Absolutely right. Everyone should calm down and look at the common
greater good. Thank you for your appreciative words.
Oh, and to everyone who helped to develop Icecat and other open source
software: THANK YOU, YOU PEOPLE ARE AWESOME.
Am 20.03.17 um 16:13 schrieb b...@shroggslodge.freeserve.co.uk:
Until now I've resisted on commenting on this little Icecat family
fall-out between some of the family members :-)
I can see some reason in all the points being made from all parties -
some perhaps more plausible/evidential/or whatever, than others.
For my two-penneth single point gut-feeling view (not just for Icecat
either), I would not expect to see community contributed open-source
etc effort to develop/build for platforms and so forth where
commercial gain/interest is involved (usually for a minority few too).
I would expect it to be low on priority if it was part of any work,
unless there was some mandated, agreed and valuable reason to.

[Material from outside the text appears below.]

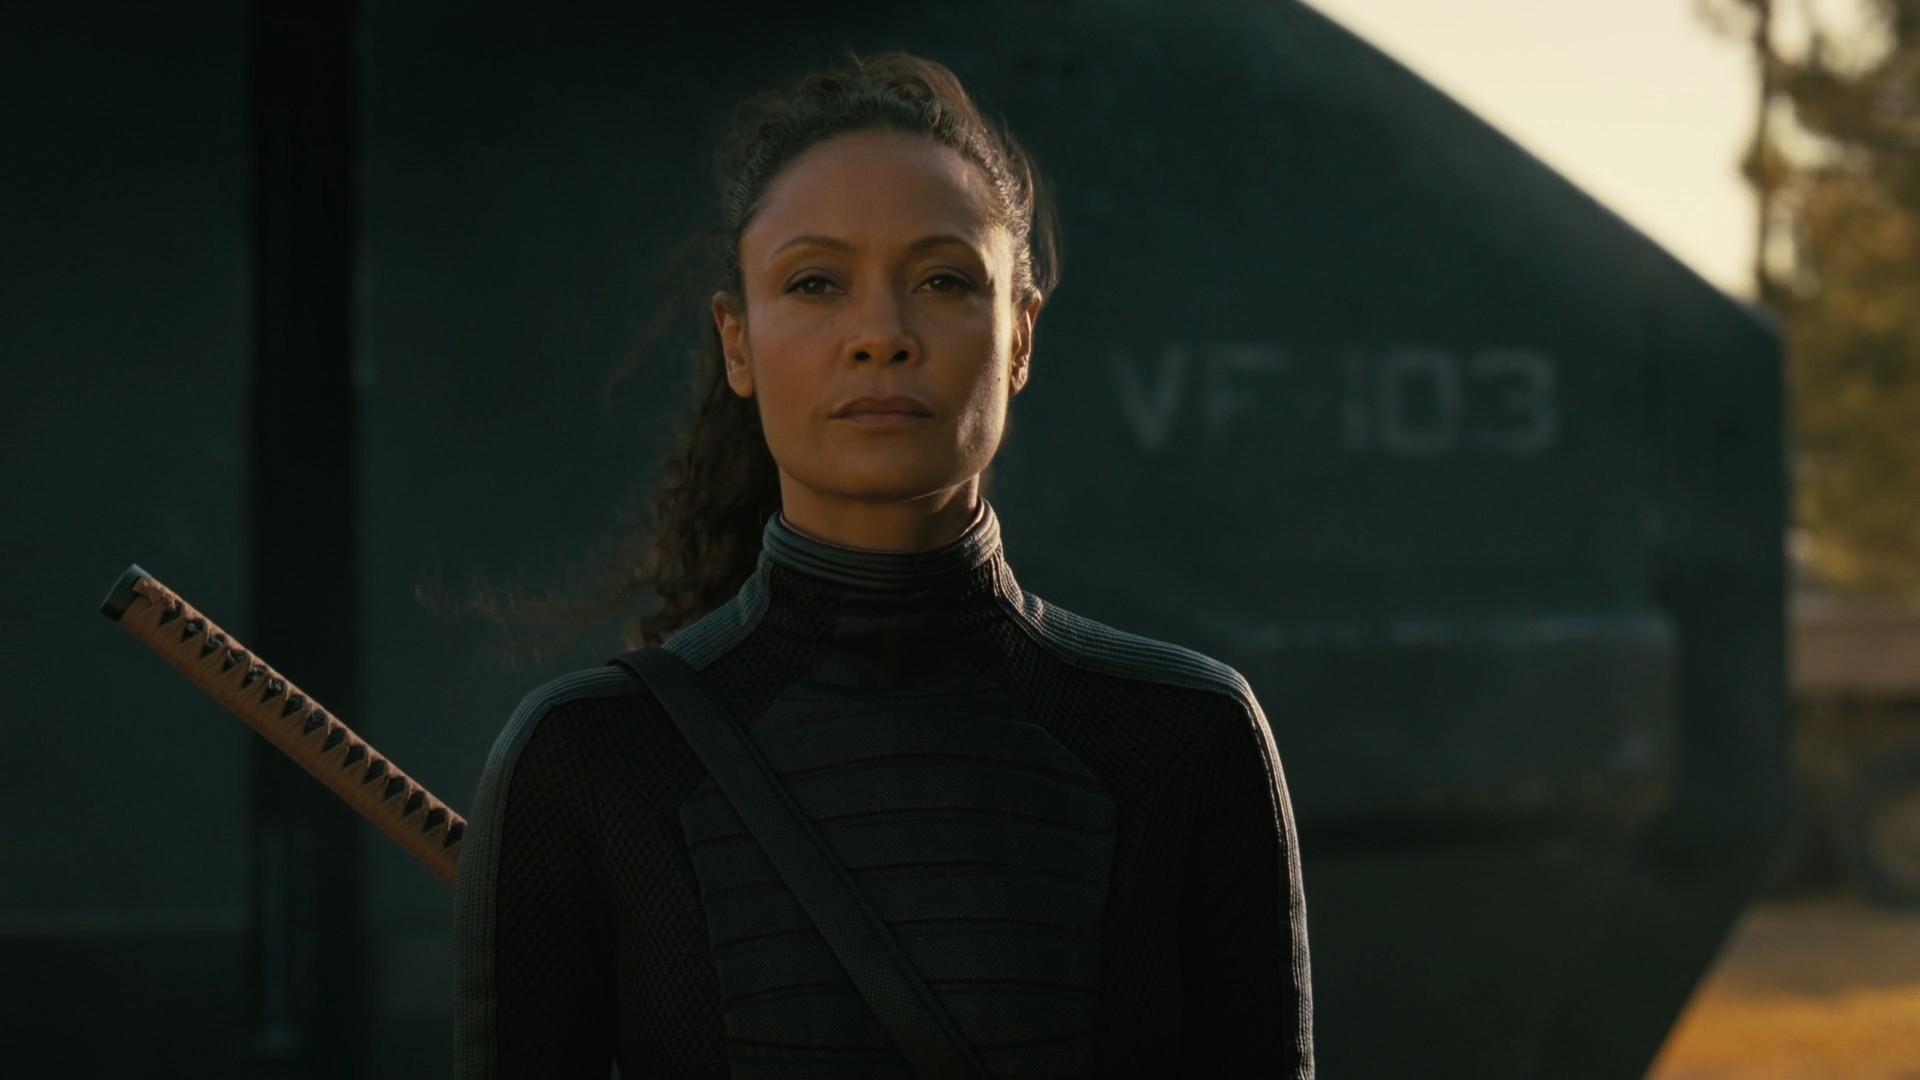 Westworld S03E07 Passed Pawn Thandie Newton as Maeve

Yes I
know, sometimes it helps to do so, but I'm not sure in this case.
I really appreciate all the clever people who work on Linux and
open-source, community inspired and driven software efforts (and in
other projects too) and make those available for use - I'd be in a
worse place without them and I cannot thank all those people
enough...it warms the heart to see people coming together to achieve
things in this manner.
Thank you.
Habs
On 20 March 2017 at 02:22, Ian Dunn <du...@gnu.org
<mailto:du...@gnu.org>> wrote:
I see what you're saying, awakeyet. From a certain perspective,
you make perfect sense. Attempting to bog down the maintainer of
a project like GNU IceCat to try and take it down is something I
could see a competitor doing. I won't argue that there are rotten
people that do pull shady, petty tactics like that to get rid of
the competition.
But there are also good people. People like Daniel, that only
wanted to see support for his OS. He wants to use GNU IceCat, but
he got attacked by people that laughed him out for not using
GNU/Linux. There could be 100 reasons he can't or won't switch,
and we should respect that. If we don't show our users respect,
but instead assume that perfectly honest people are trying to
troll or attack us, then we're going to lose people. Not everyone
is out to get someone else, although I know it can feel that way
sometimes.
Everyone remember: We're all here because we want to see GNU
IceCat succeed. I've been watching the development for years.
I've seen two maintainers try and fail to keep up with Mozilla's
development cycle, and now a third is struggling to keep up.
That's why it's up to us to be supportive, not just of him, but of
each other.
I know it's easy to label awakeyet as a conspiracy theorist and
move on without understanding his perspective, but we should all
keep in mind that he might be right. And awakeyet, you need to be
willing to accept that you might be wrong. I'm not saying
anyone's right or wrong here, but this argument is going to piss
people off, and anger will only make it worse.
GNU IceCat is struggling enough without us all squabbling amongst
each other. Let's end this now before things get any worse, and
get back to supporting the browser we all love.